The Transformer architecture reduces the over-smoothing effect due to its lack of locality bias and can be more suitable for tasks requiring sharp or uneven trajectories. However, it requires more careful hyperparameter tuning compared to the CNN variant.

Feature	CNN (Diffusion Policy-C)	Transformer (Diffusion Policy-T)
Backbone	1D temporal U-Net	minGPT-style Transformer
Observation conditioning	FiLM layers	Cross-attention
Strengths	Reliable, minimal tuning needed	Handles sharp trajectories, reduces over-smoothing
Weaknesses	Over-smoothing on rapid action changes	Requires more hyperparameter tuning
Recommended use	Default for new tasks	High-complexity tasks with uneven trajectories

How fast is diffusion policy at inference? (DDPM vs. DDIM)

Diffusion policy can use either DDPM or DDIM (Denoising Diffusion Implicit Models) for the inference (denoising) process. While DDPM is used during training with K=100 diffusion steps, the full 100-step denoising process is too slow for real-time robot control.

DDIM provides a critical acceleration by decoupling the number of denoising iterations used in training from those used at inference. DDIM makes the reverse process deterministic and allows skipping steps, enabling the model to generate high-quality action sequences with far fewer denoising iterations. In practice, diffusion policy uses 100 training iterations but only 10 inference iterations with DDIM, achieving approximately 0.1 seconds of inference latency on an NVIDIA RTX 3080 GPU ^[1]. This makes real-time closed-loop control feasible, with the policy running at approximately 10 Hz and actions being linearly interpolated to the robot's native control frequency (125 Hz for the UR5 robot used in the experiments) ^[1].

Inference method	Training steps	Inference steps	Latency (RTX 3080)	Deterministic
DDPM	100	100	~1.0 s	No (stochastic)
DDIM	100	10	~0.1 s	Yes

Why is diffusion policy better than earlier policy representations?

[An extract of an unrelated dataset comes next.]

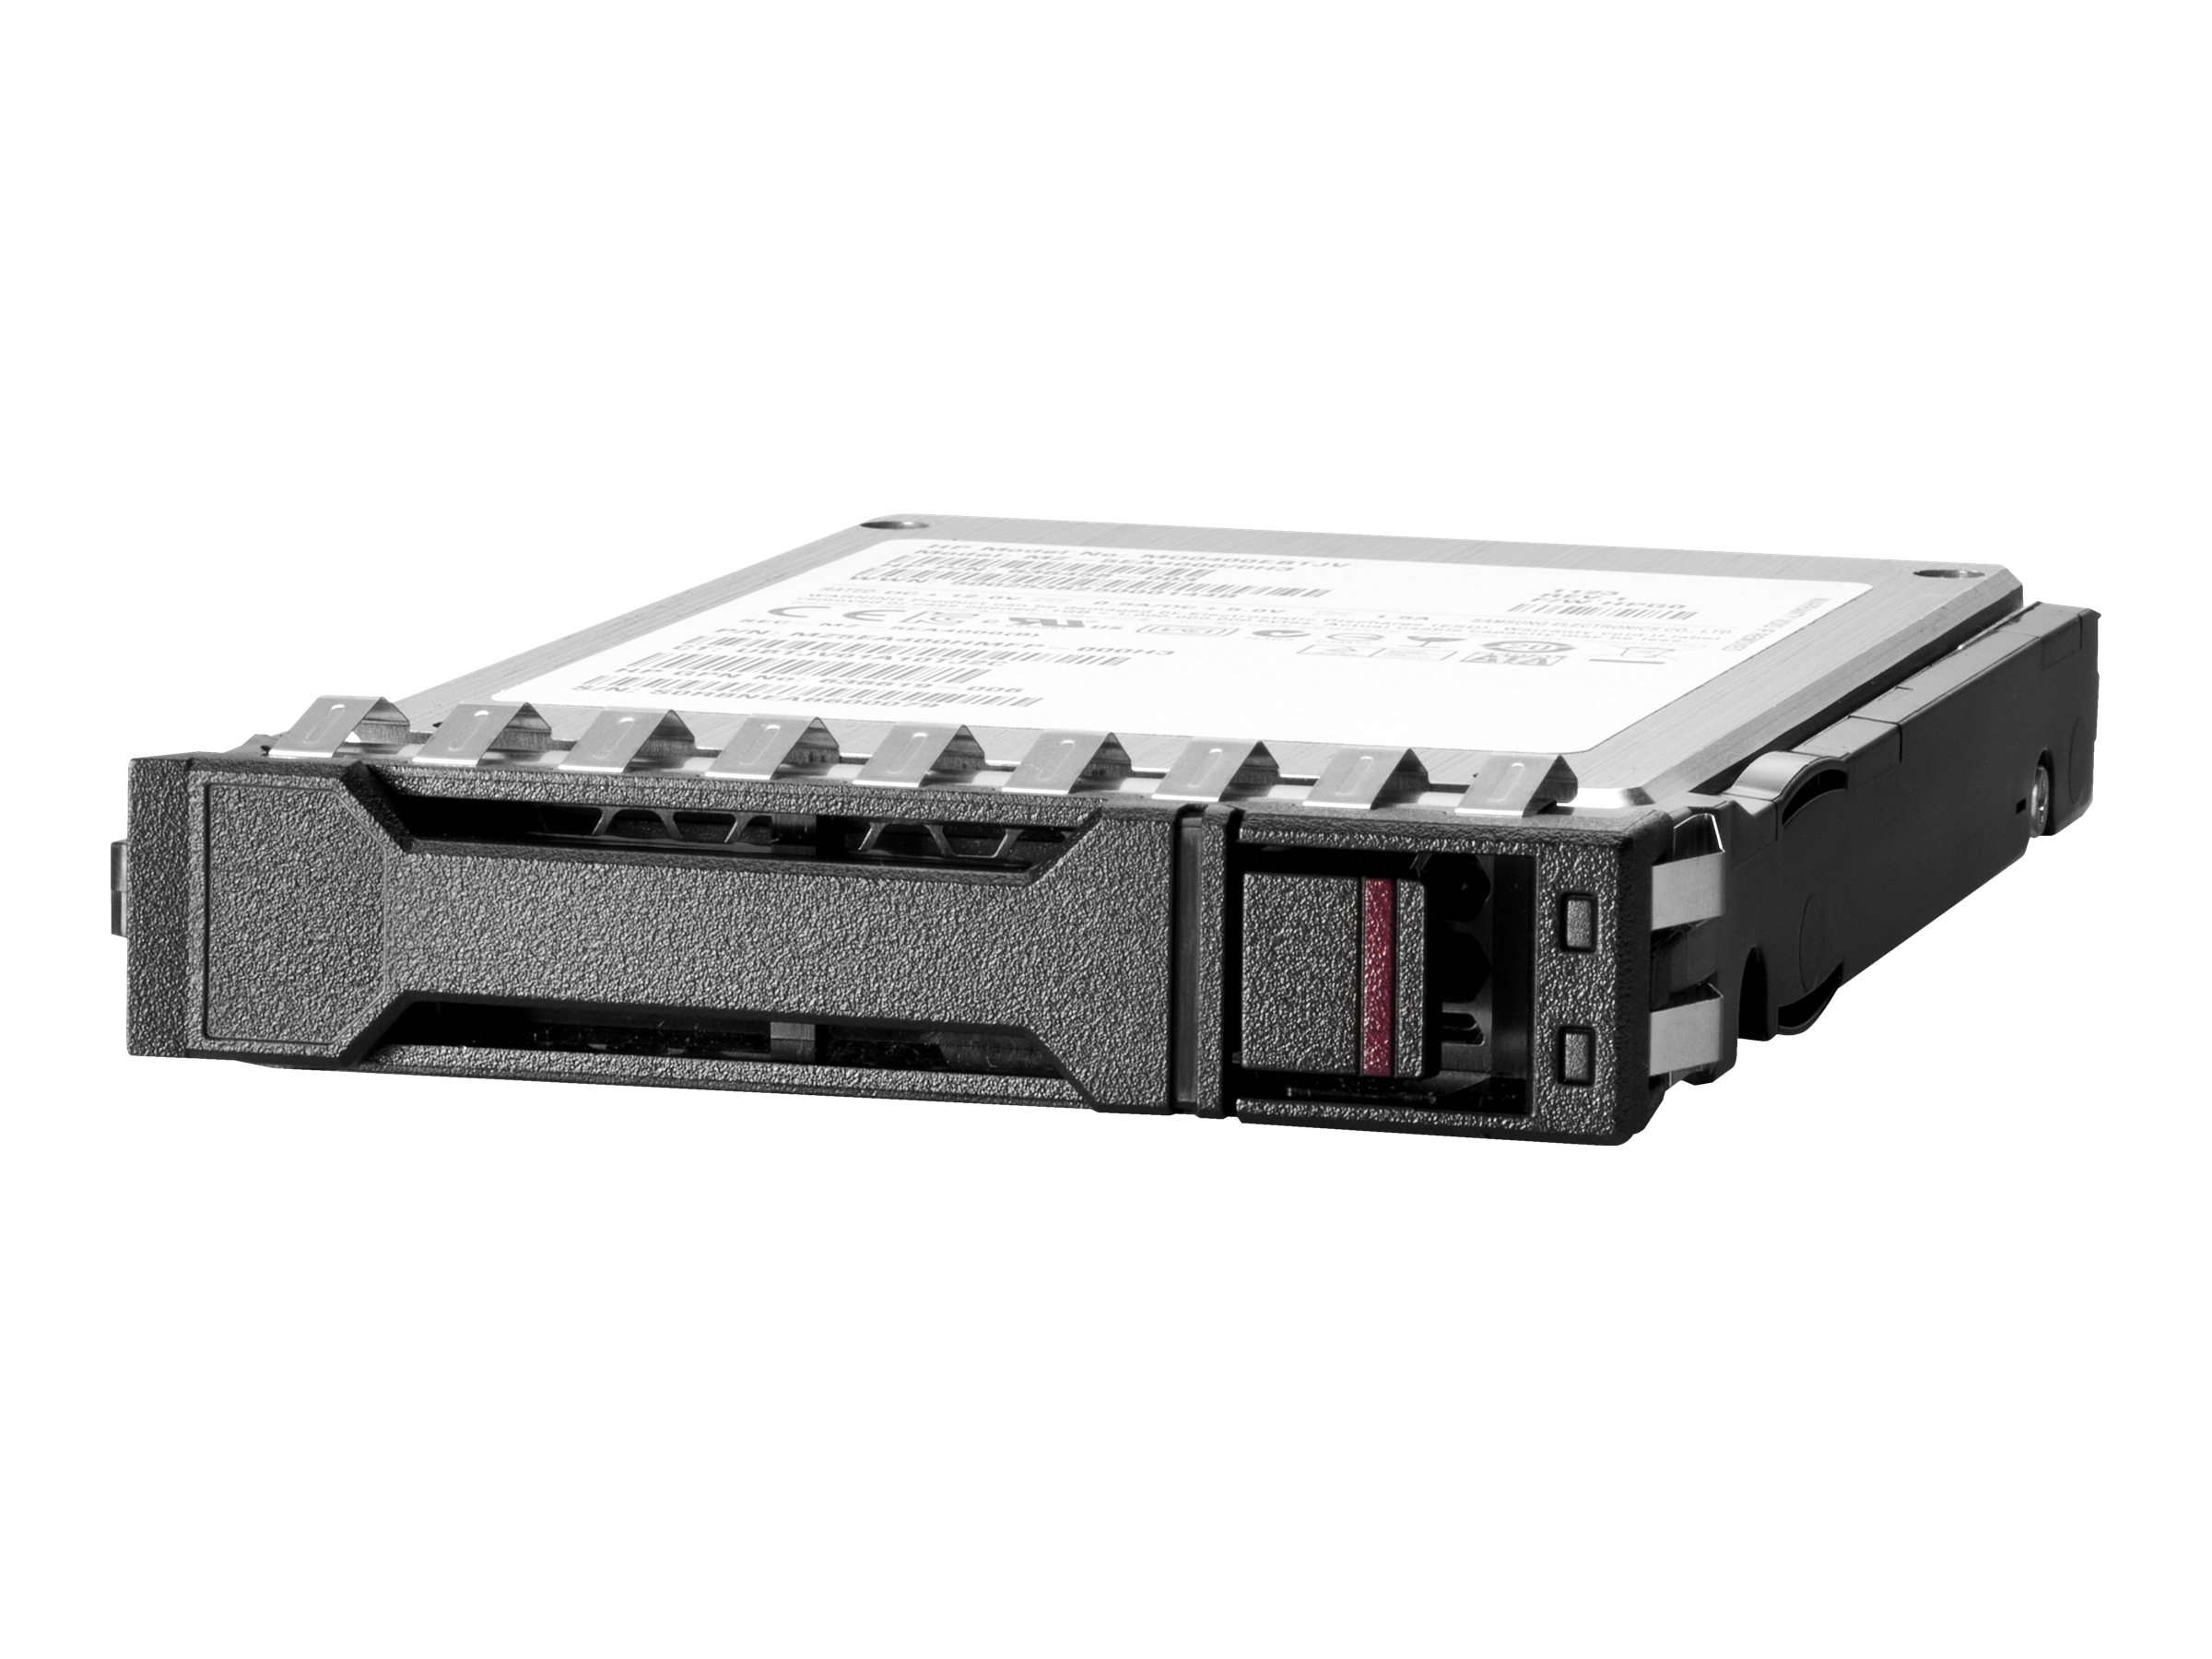 HPE PM897 - SSD - Mixed Use - 480 GB - Hot-Swap - 2.5" SFF (6.4 cm SFF)

Diffusion policy offers several key advantages compared to prior policy representations for imitation learning:

Multimodal action distribution modeling

By learning the gradient of the action score function, diffusion policy can represent arbitrary normalizable distributions, including complex multimodal distributions. This allows it to faithfully capture the full diversity of human demonstrations without mode collapse or mode averaging. In contrast, Gaussian mixture models are limited in the number of modes they can represent, and energy-based models require unstable negative sampling.

Training stability

The training objective is a straightforward MSE loss on noise prediction, which avoids the instabilities associated with energy-based training (negative sampling in IBC) or adversarial training. The authors report that optimal hyperparameters are mostly consistent across tasks, requiring little task-specific tuning ^[1].

High-dimensional action sequences

Diffusion policy naturally handles high-dimensional output spaces because the denoising process operates in the full action-sequence space. This makes it well-suited for predicting multi-step action chunks, which is essential for temporal consistency.

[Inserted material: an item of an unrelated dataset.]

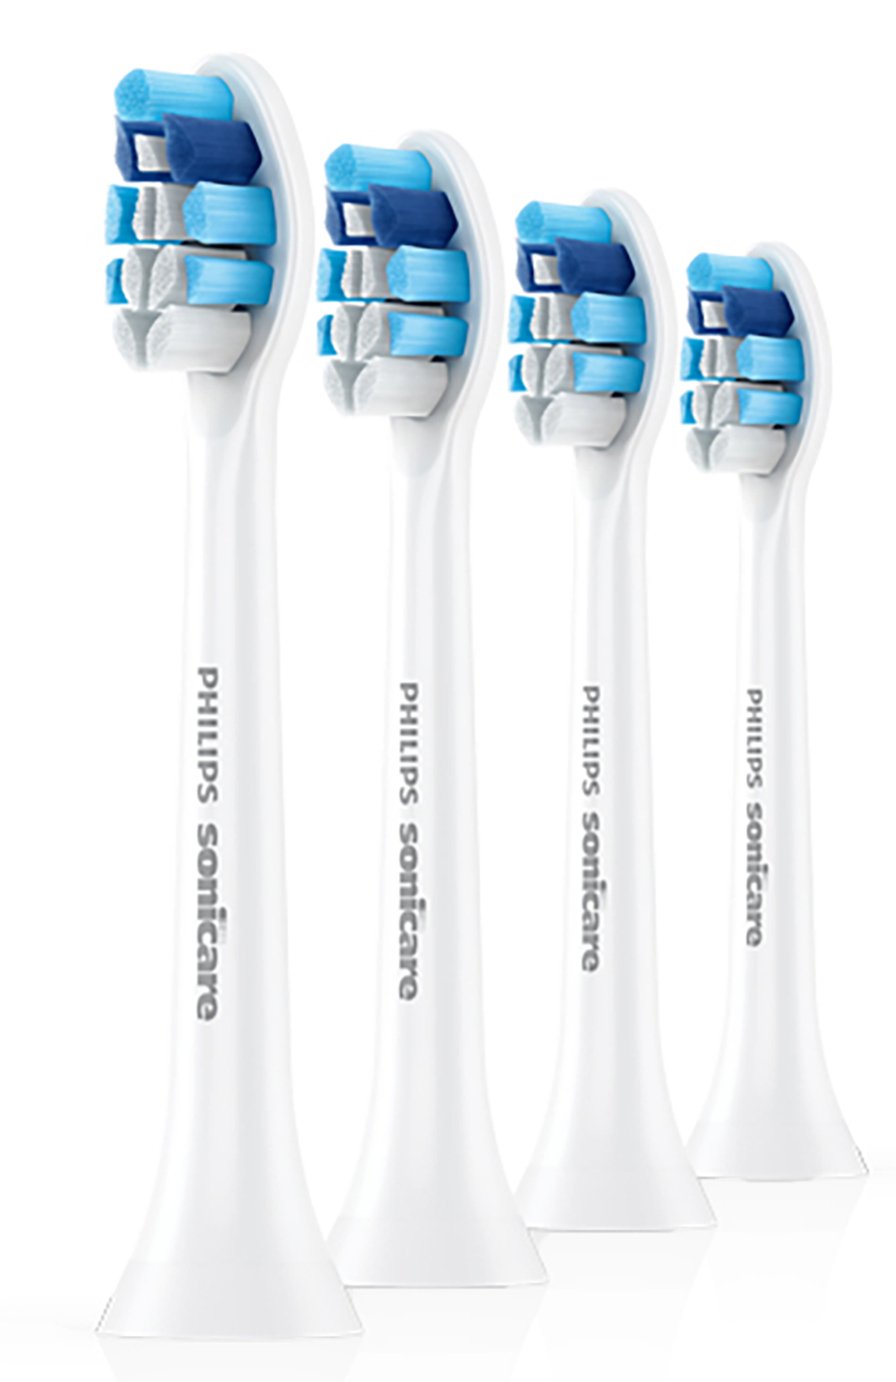 Philips Sonicare Optimal Gum Electric Toothbrush Heads -4 Pk

Graceful handling of idle actions

In demonstrations, robots often remain stationary for portions of the trajectory (e.g., waiting at the start). The Gaussian noise prior of the diffusion process naturally contracts toward zero, which aligns with idle or near-zero velocity actions. Other methods, particularly energy-based models, struggle with these near-zero regions where the energy landscape is ambiguous.

Position control compatibility

The authors discovered an important interaction between diffusion policy and action space representation. Diffusion policy shows a 15-25% performance improvement when using position control (predicting target positions) instead of velocity control (predicting velocities) ^[1]. This is because position control has less pronounced multimodality and fewer compounding errors when predicting action sequences. Interestingly, other baselines like LSTM-GMM and BET actually degrade with position control, making this advantage unique to the diffusion policy formulation ^[1].

Benchmark results

Diffusion policy was evaluated extensively across four benchmark suites containing 12 tasks total. It consistently outperformed all prior state-of-the-art methods with an average improvement of 46.9% in success rate ^[1].

Robomimic benchmark

The RoboMimic benchmark consists of five manipulation tasks with both proficient human (PH) and mixed human (MH) demonstration datasets ^[11]. Results are reported as best performance / average of last 10 checkpoints across 3 seeds.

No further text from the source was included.